The work of the Vilgis group [
45] identifies similar trends to those observed in our work, showing that with increased covalent crosslinks there is limited hysteresis in loading and with increased physical crosslinking there is a higher stretching ratio and increased hysteresis. However, they support the theory of a Mullins effect within their system, which would indicate permanent crosslink degradation and hence a lack of viscoelastic property. This conclusion is in direct contrast to our findings, where all hysteretic data are taken from multiple cycles, with initial and terminal cycles excluded to ensure reproducibility and reduce edge effects. As these loads are reproducible throughout multiple cycles (>200 in the case of 5.12 Hz) it is clear that a Mullins Effect and Lake-Thomas microfractures [
44] are not occurring, and that the breaking and reforming of physical/ionic bonds of the GG must be a large driving factor in the establishment of viscoelasticity, as we initially indicated.
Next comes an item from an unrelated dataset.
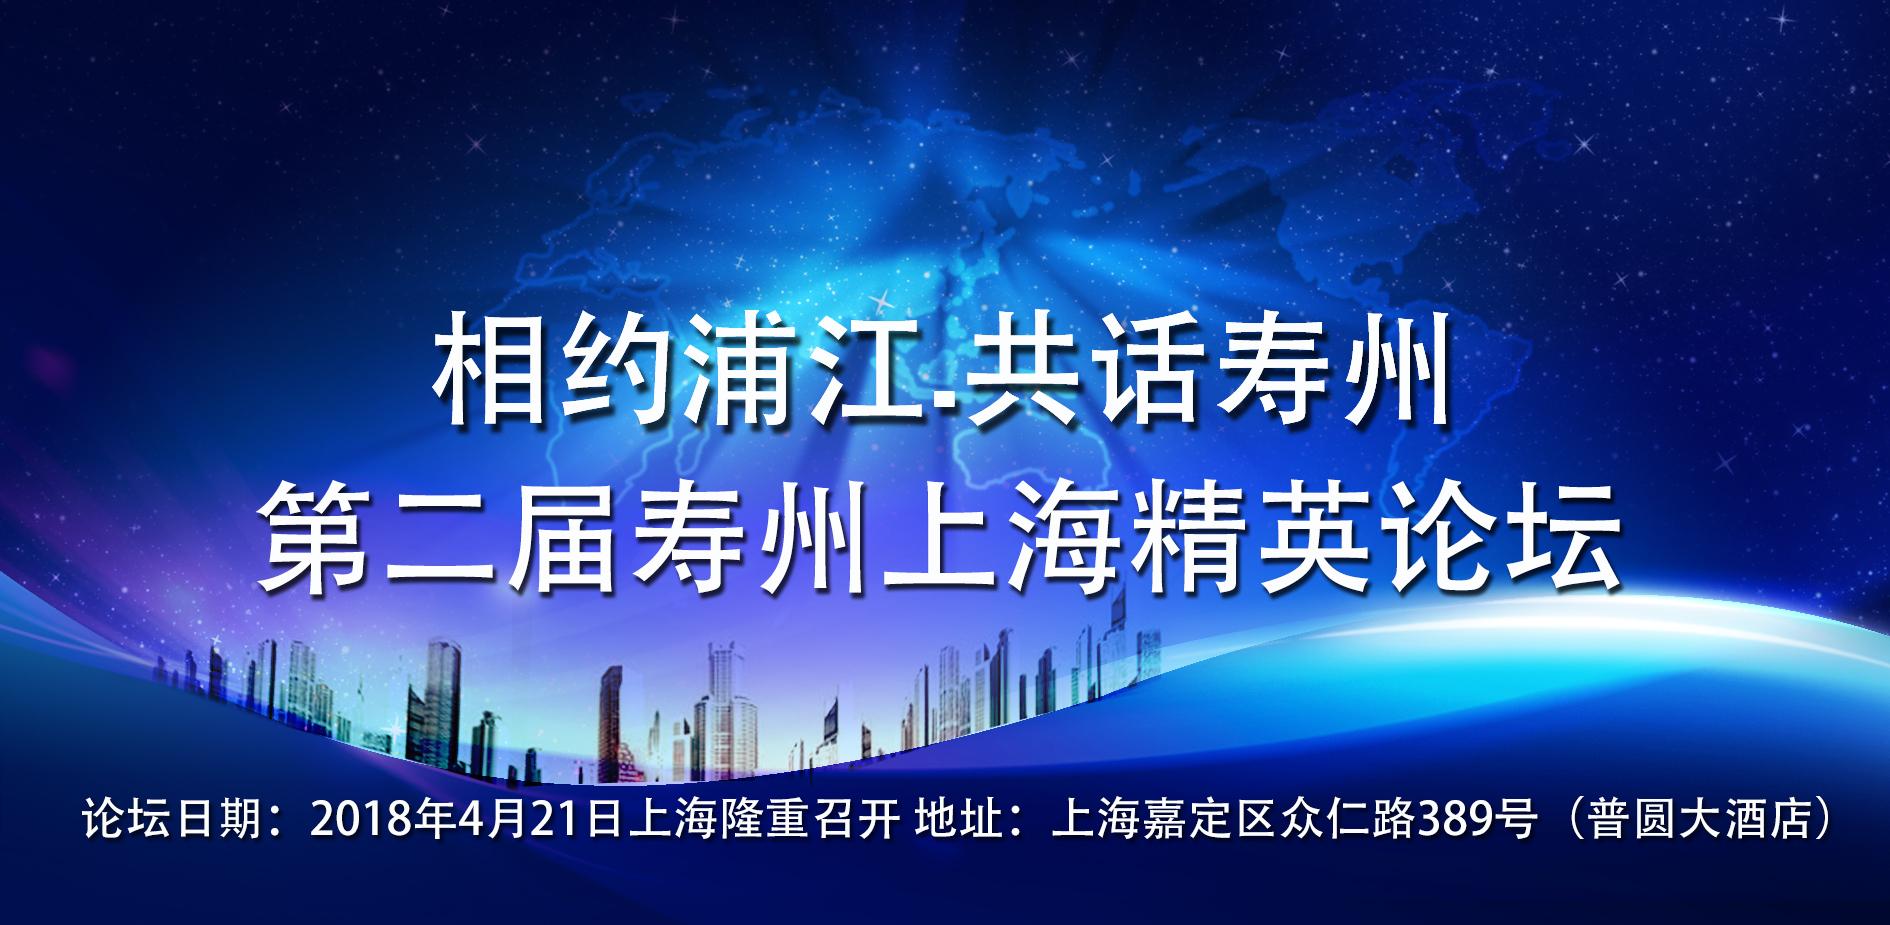 """相约浦江 共话寿州""""第二届寿州上海精英论坛""""将于4月21日上海隆重召开!"""
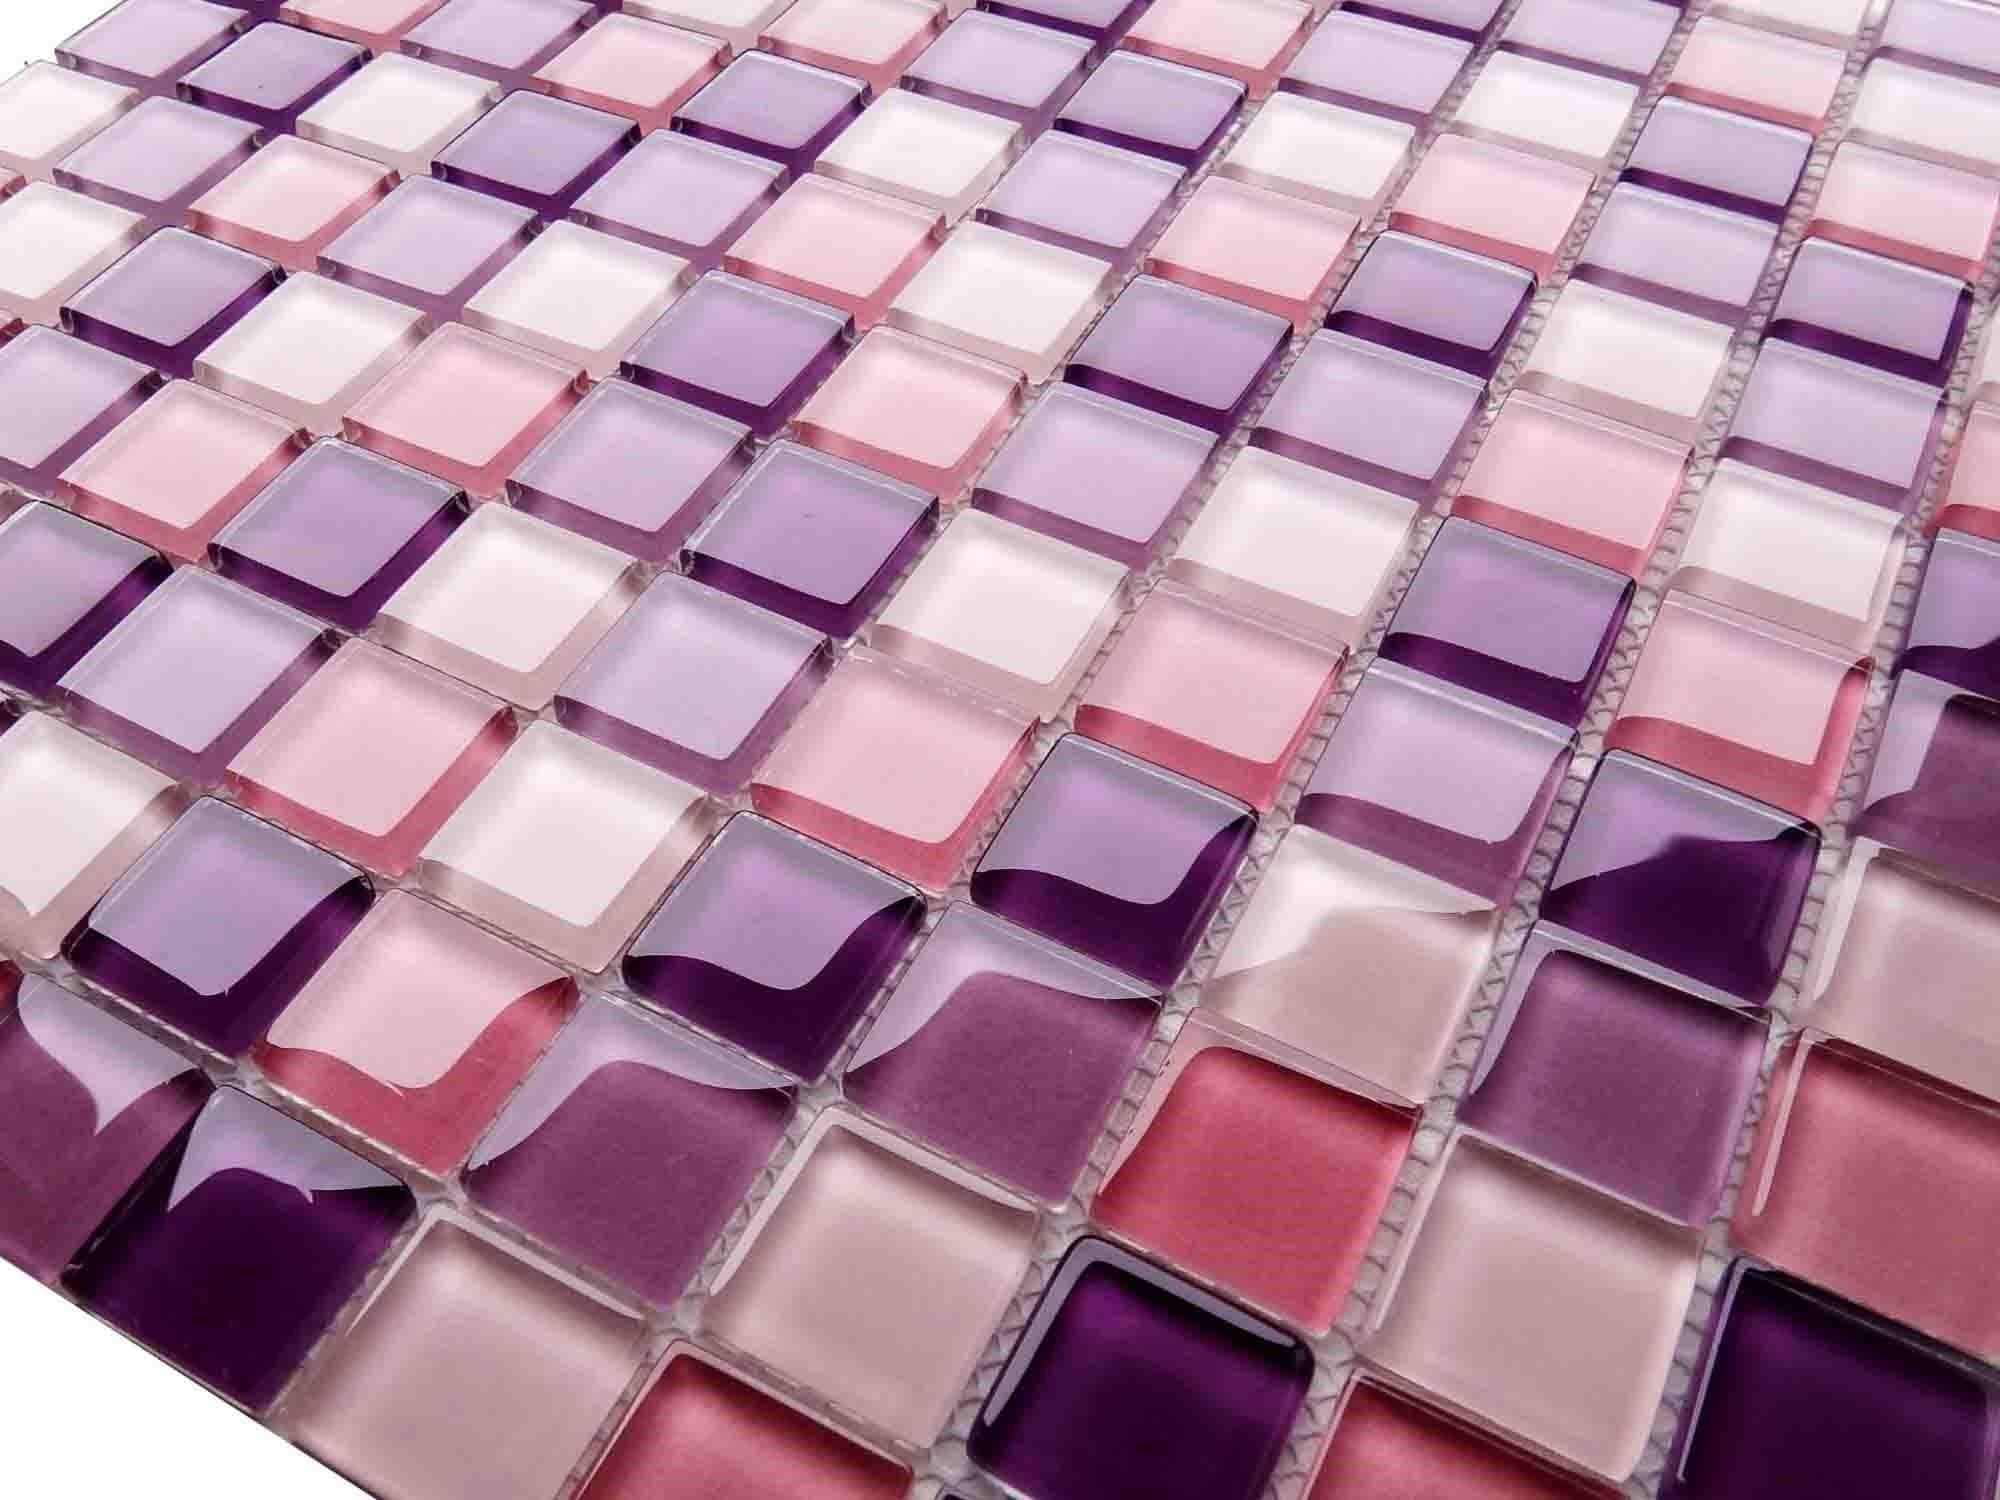 Изготовление стеклянной плитки из подручных средств в домашних условиях

Overall, it is clear that the emulation of the biological aspect of viscoelasticity may be achievable through the use of appropriate hydrogels, ideally crosslinked through varied means to take advantage of multiple systems, such as the previously mentioned cell attachment-promoting effects of gelatin. Whilst it may be predicted that the elastic modulus of such structures will still fail to reach that of native tissues, this may in fact be desirable, as cellular stress/strain is ultimately required to stimulate matrix production and formation of cartilage
in situ. Further, it has been previously demonstrated that hydrogels with lower initial stiffness can result in constructs with higher mechanical properties after culture [
46,
47].
The work presented herein illustrated that viscoelasticity may be tailored in hydrogels depending on physical and chemical crosslinking of networks. Further study of such hydrogel systems and verification of the role of viscoelasticity in the formation of biologically relevant constructs should be explored in future.